Controllo neurale e mediazione da parte degli ormoni

Il comportamento è definito come la risposta immediata di un organismo ad uno stimolo, ma osservando un comportamento esistono due livelli di analisi da indagare: l'organismo reagisce nel modo in- meccanismi prossimi, cioè le cause immediate di come cui reagisce: se sono risposte innate o apprese, se sono state mediate tramite ormoni o se sono state sviluppate tramite esperienza- cause ultime, cioè perché un organismo si comporta in una determinata maniera, considerando l'aspetto evolutivo della specie nel determinare questi meccanismi e come i comportamenti possono contribuire alla fitness.

La tendenza del SN a generare risposte complesse da semplici stimoli è molto diffusa nel mondo naturale, bisogna capire come i sistemi neuronali acquisiscono informazioni dall'ambiente e come si arriva ad una risposta comportamentale a partire dallo stimolo e attraversando una fase di decision making.

Un istinto può essere considerato come un pattern comportamentale che appare nella sua forma funzionale completa già la prima volta che viene effettuato, senza che l'animale abbia avuto precedente esperienza o che abbia interagito con lo stimolo che suscita tale comportamento.
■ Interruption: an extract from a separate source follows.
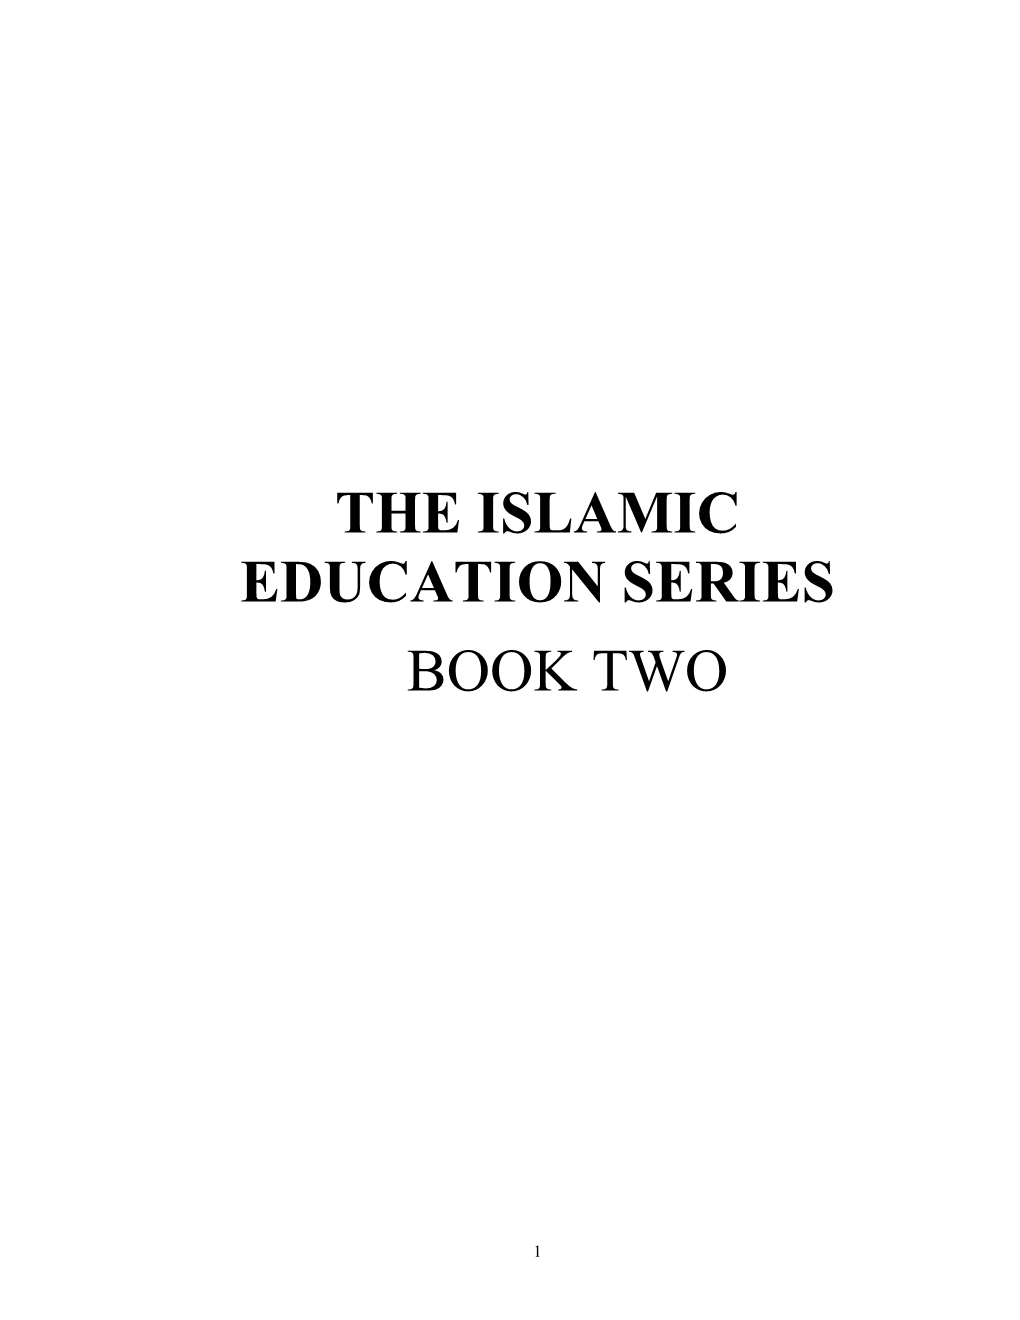 The Islamic Education Series Book

Il comportamento del pullo, di becchettare sul becco dell'adulto per farsi rigurgitare il cibo, è un comportamento innato. Da Timbergen si è cercato di testare macchie di vari colori, forme e dimensioni per capire quanto la macchia rossa fosse lo stimolo fondamentale per il pullo affinché mettesse in atto quel comportamento. Un altro esempio è rappresentato da insetti che attivano il comportamento riproduttivo non tanto alla presenza della femmina quanto alla presenza del colore arancione.

Questi comportamenti sono effettuati in maniera simile da tutti i componenti della specie, si pensi alla schiusa delle tartarughe: tutte si dirigono, allo stesso modo, verso lo scintillio dell'acqua senza che nessuno gli abbia mai indicato dove andare.

Pattern fisso di azione e riflessi

Un altro tipo di comportamento non appresso è quello che viene definito il pattern fisso di azione, che consiste in una serie di azioni che vengono stimolate da un segnale esterno, e tale schema comportamentale deve essere portato a compimento anche se lo stimolo viene rimosso. L'esempio classico è quello dell'anatra che si trascina l'uovo che è uscito dal nido: se l'uovo viene sottratto, il movimento viene comunque portato a termine dall'anatra.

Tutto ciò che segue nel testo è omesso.